Material provided →
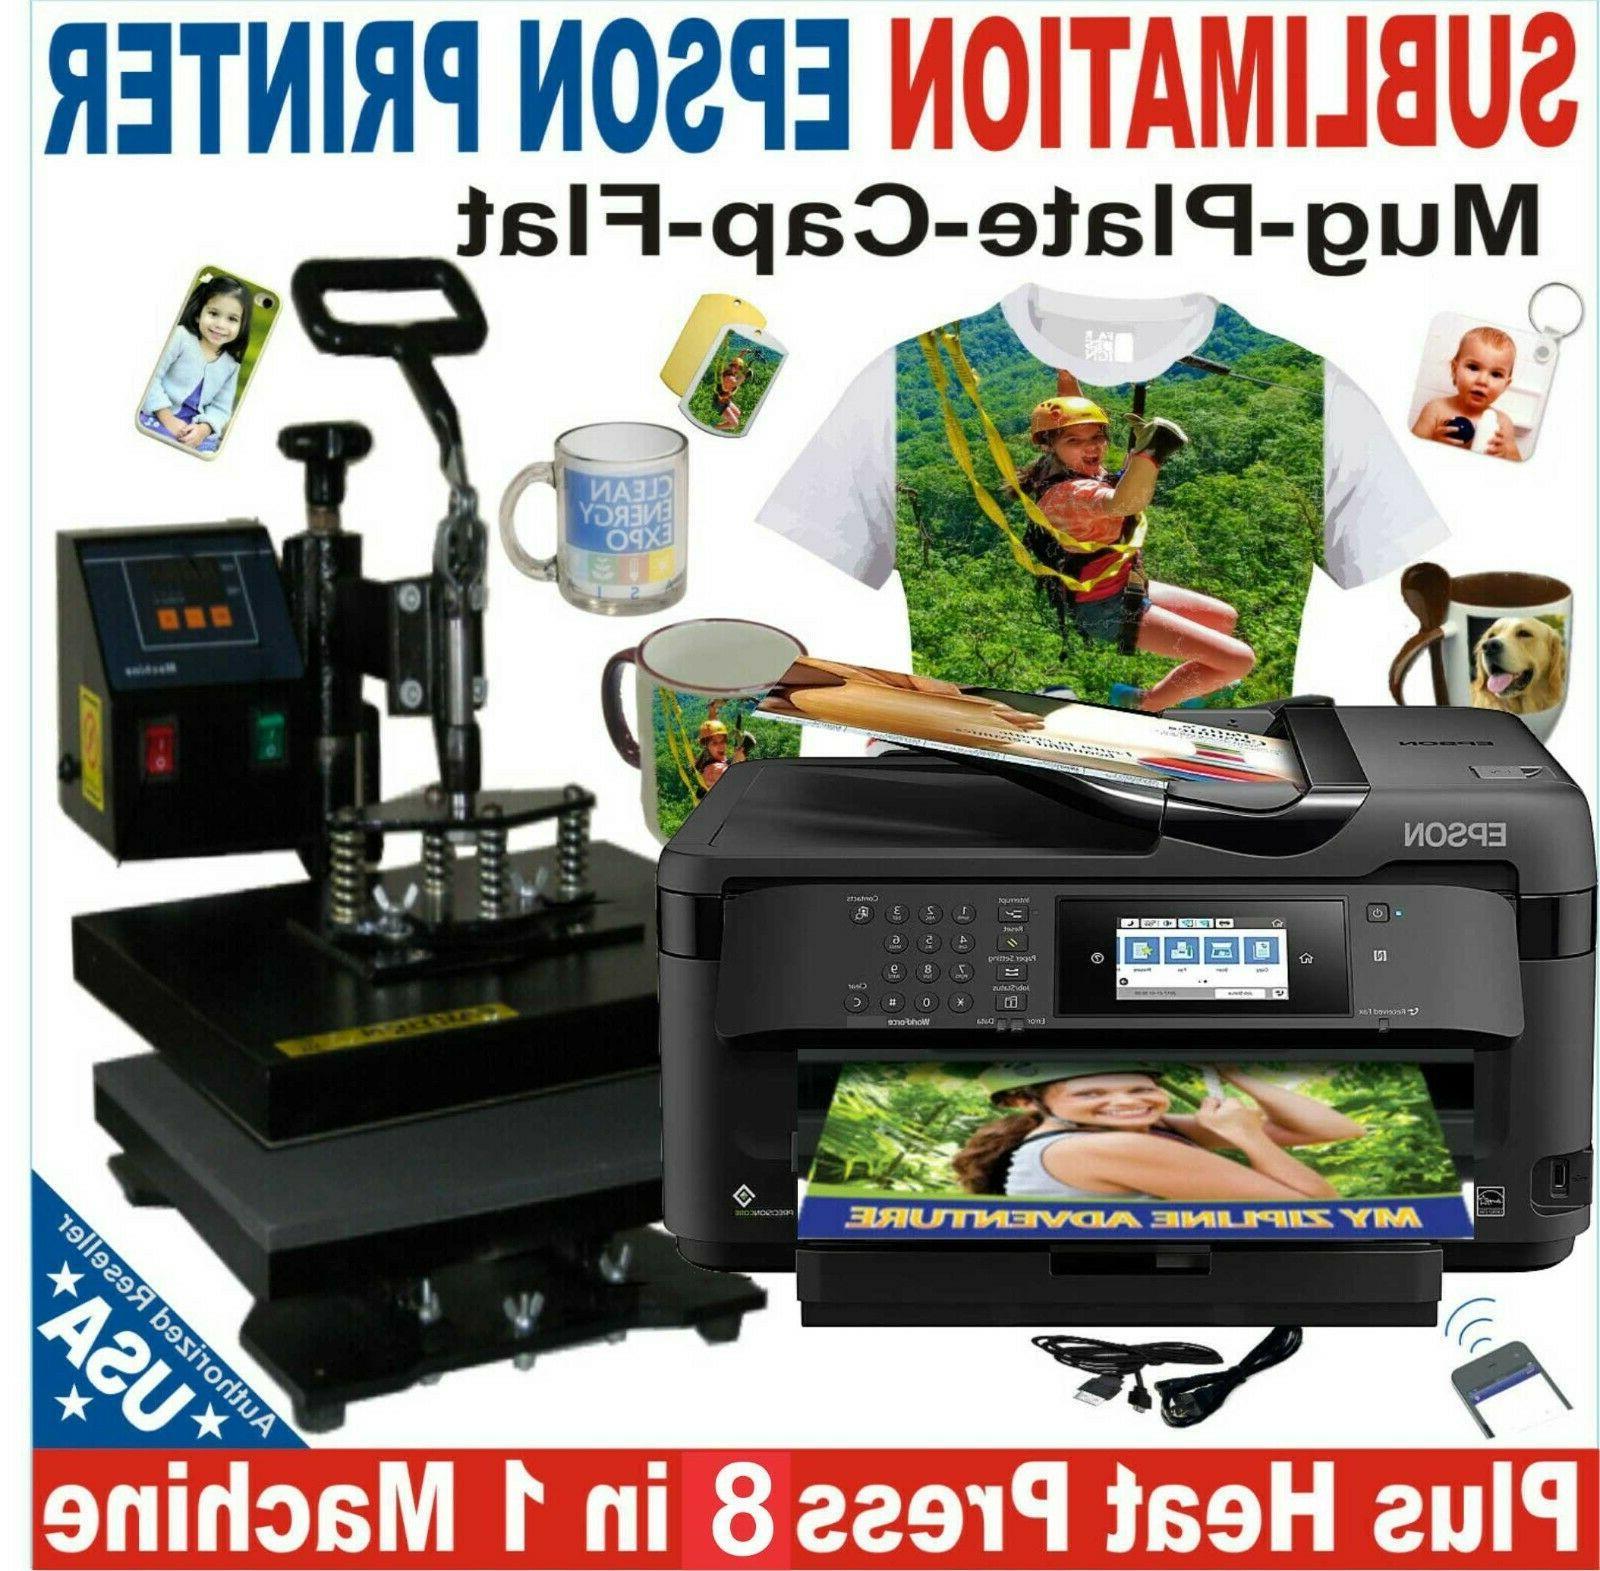 6 in1 heat press transfer 15x15 plate
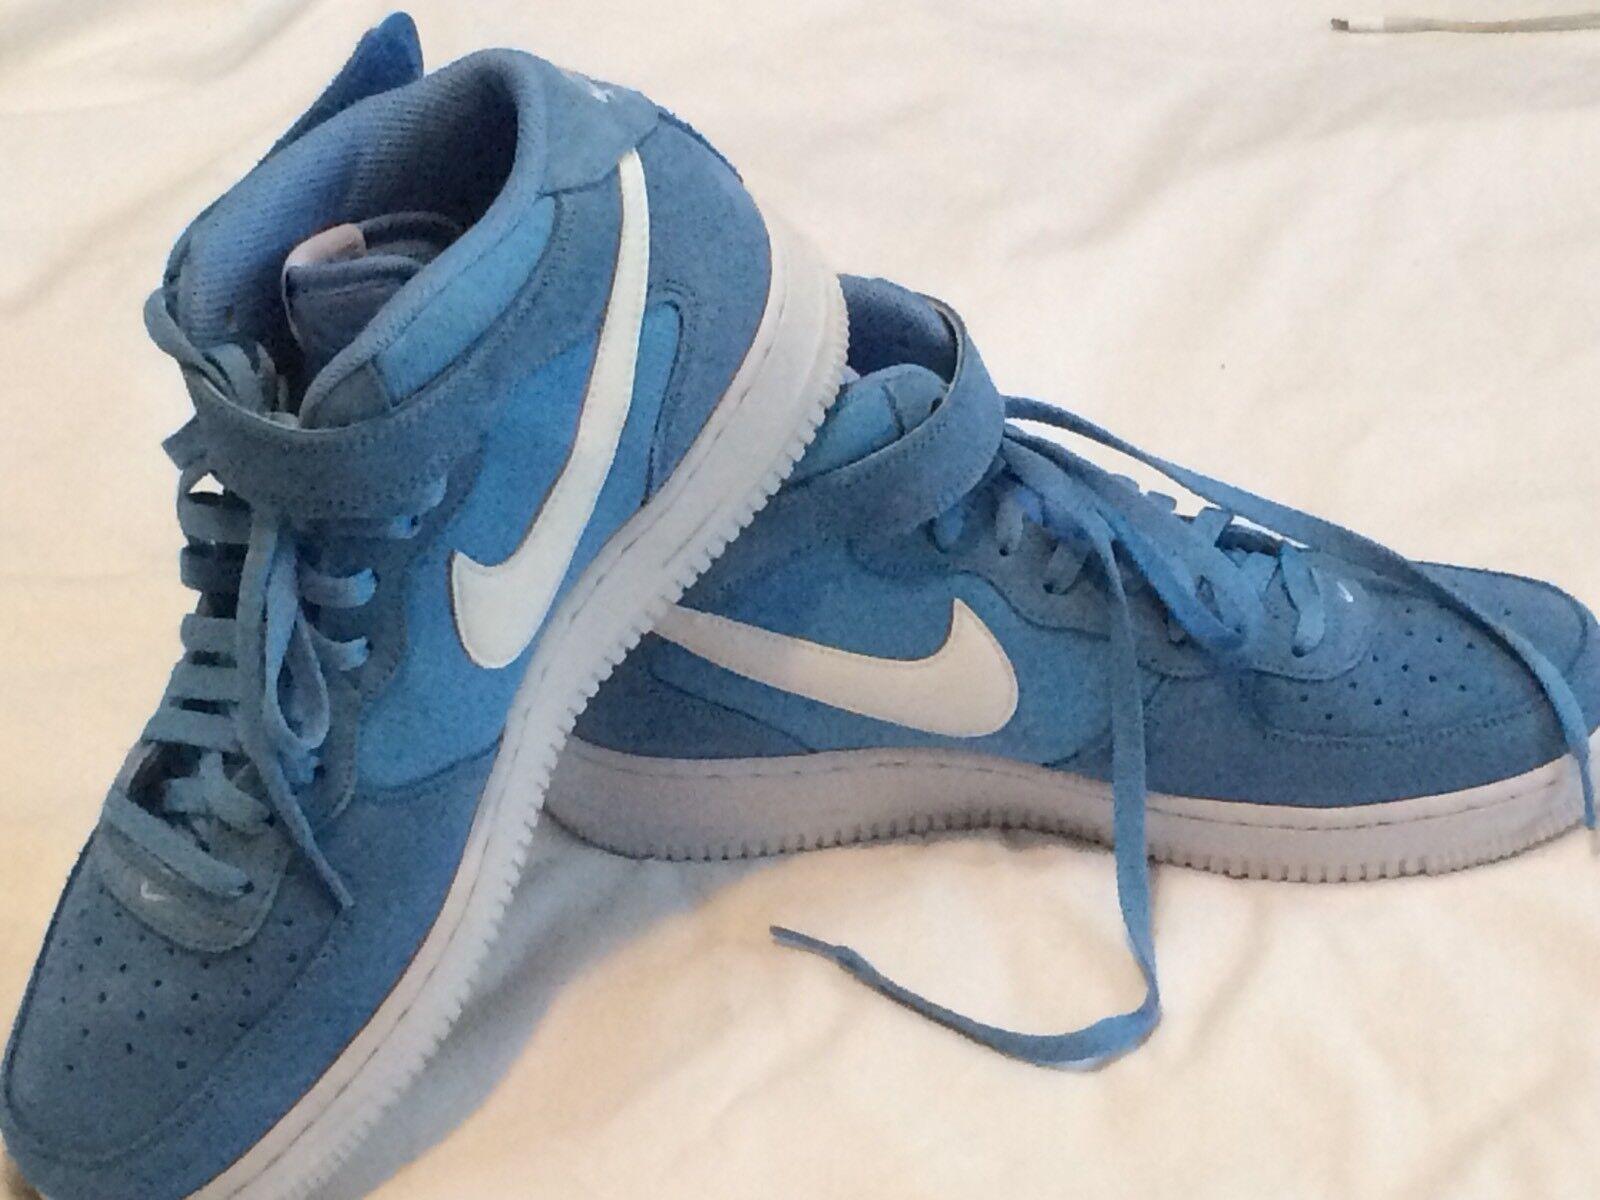 Nike air force 1 metà uomini scarpe da basket universitario 315123-409 blu / bianco
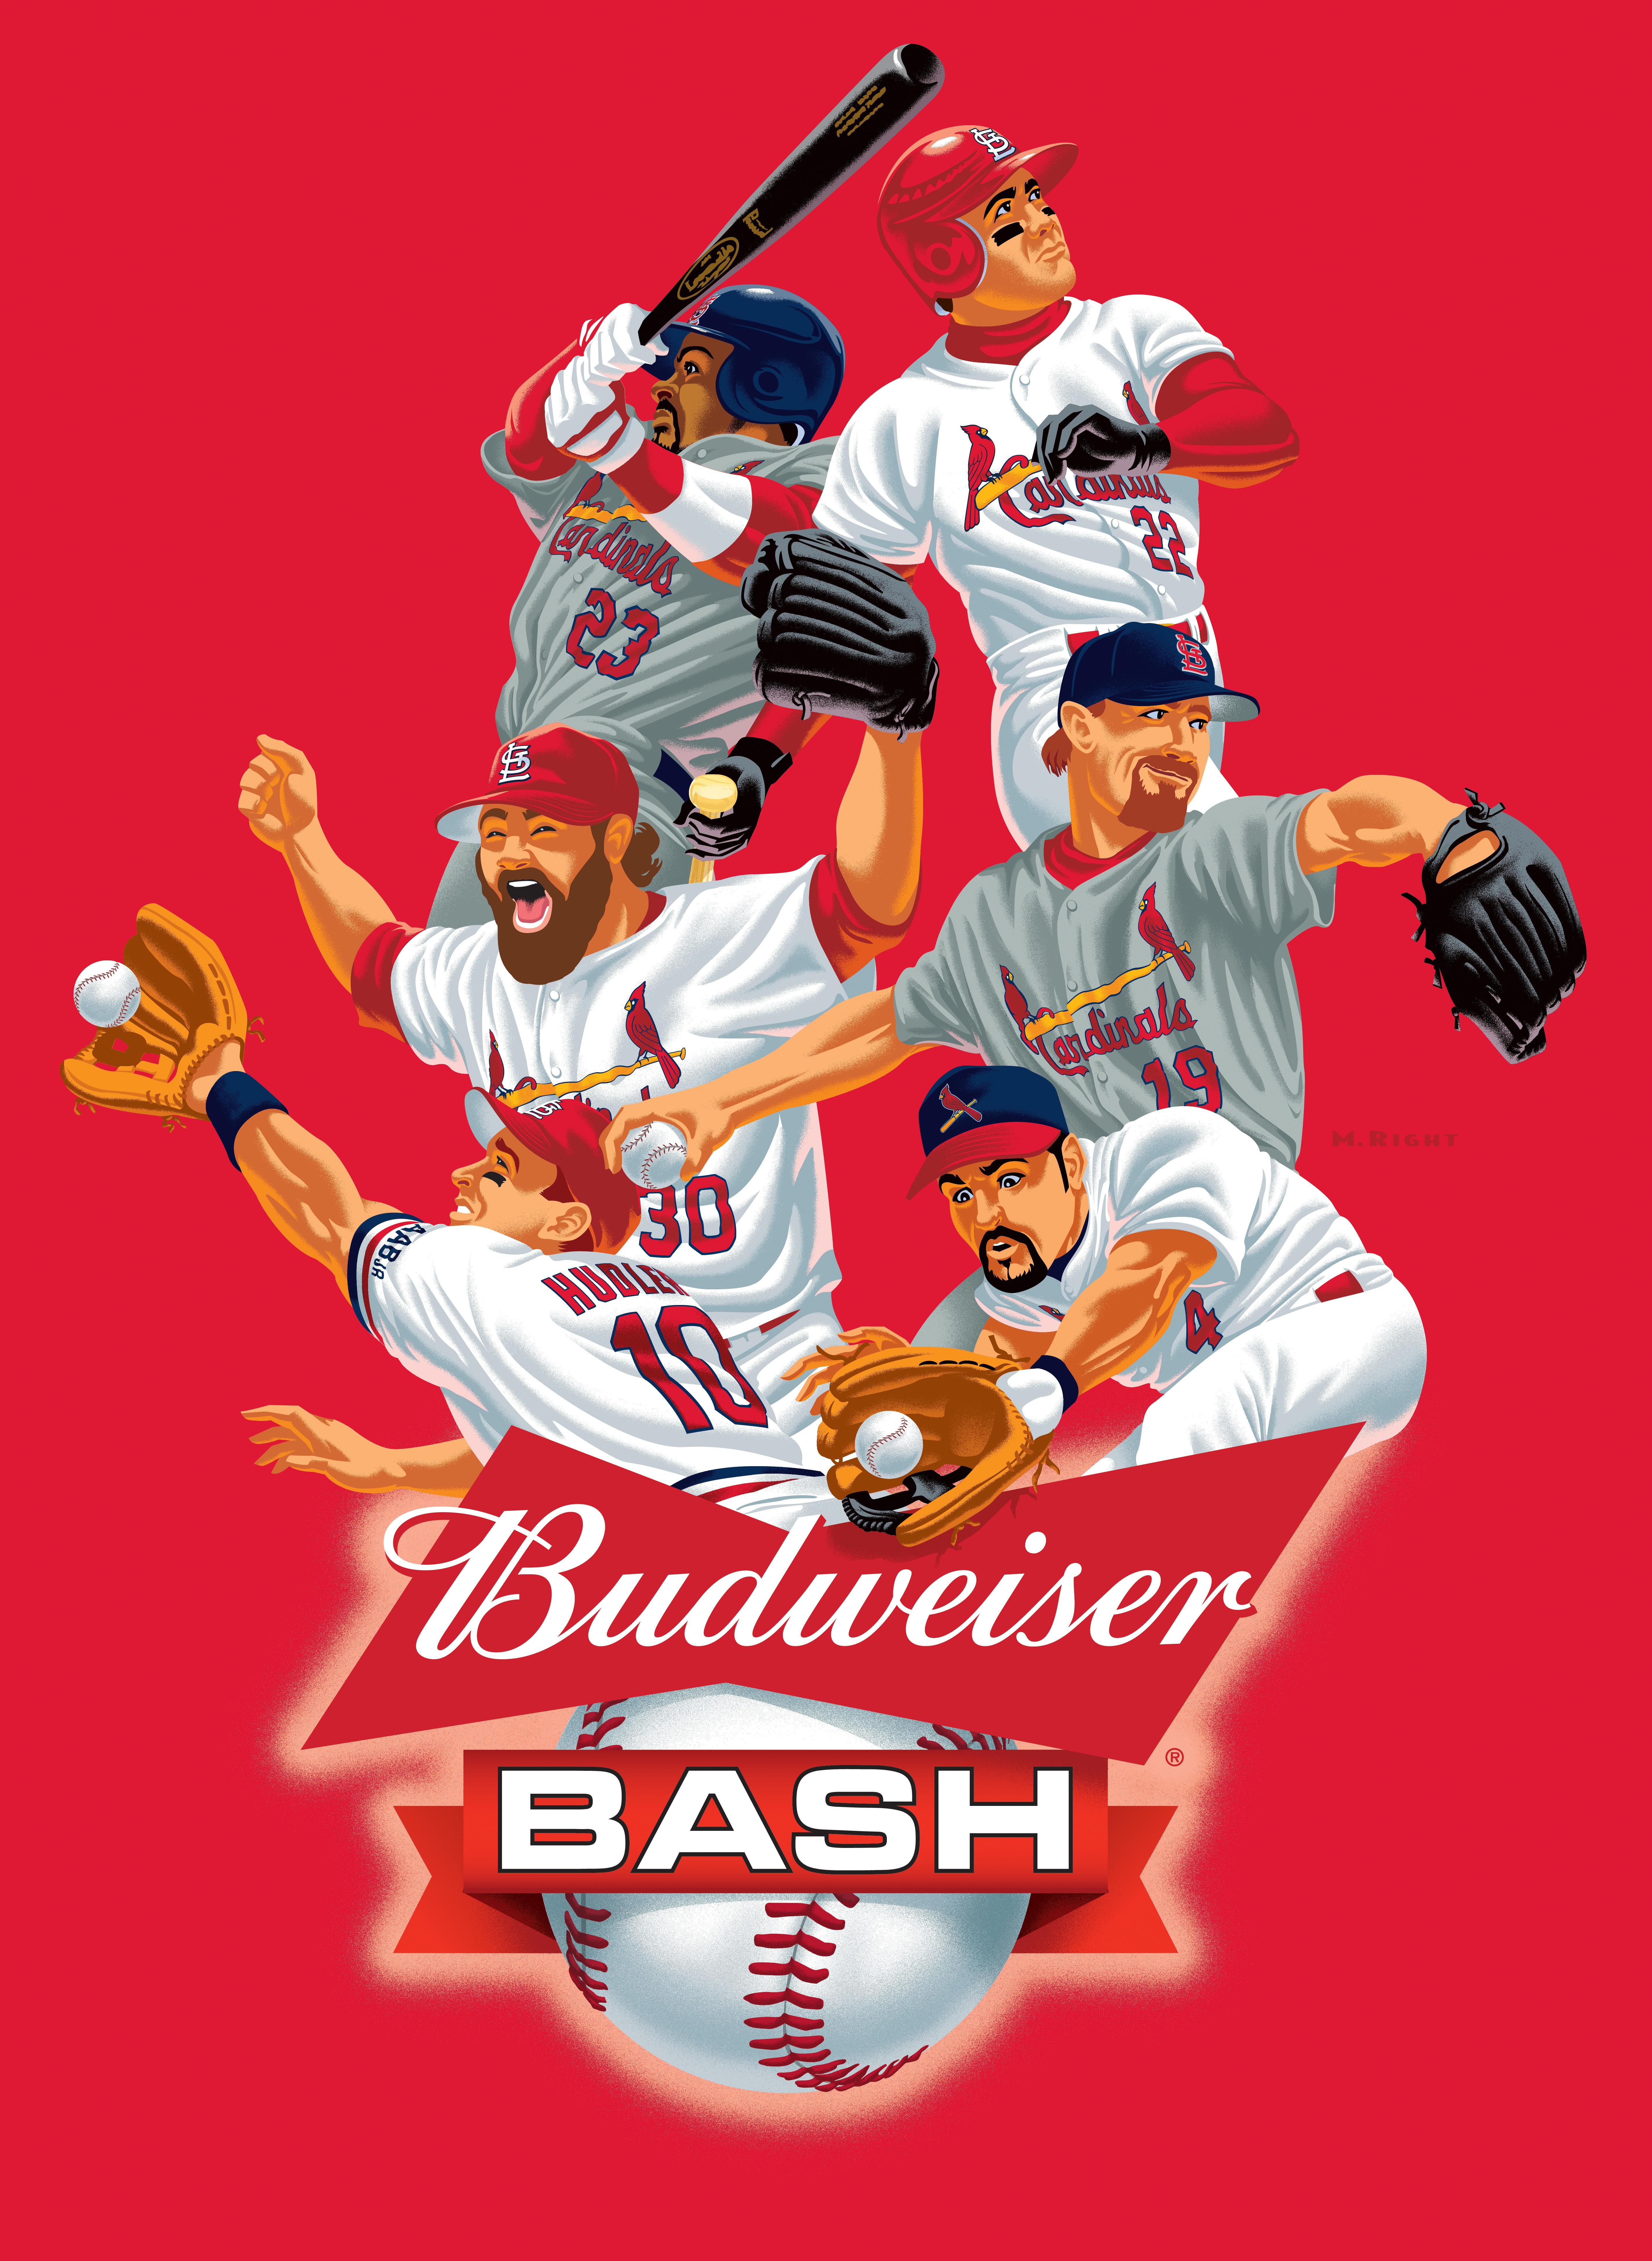 2019 Cardinal Budweiser Bash Banner

Aim of the task → Only the pictures are to be left out; restate everything else in the listing word for word.

Response for this exercise →
 6 in1 heat press transfer 15x15 plate
 Nike air force 1 metà uomini scarpe da basket universitario 315123-409 blu / bianco
 2019 Cardinal Budweiser Bash Banner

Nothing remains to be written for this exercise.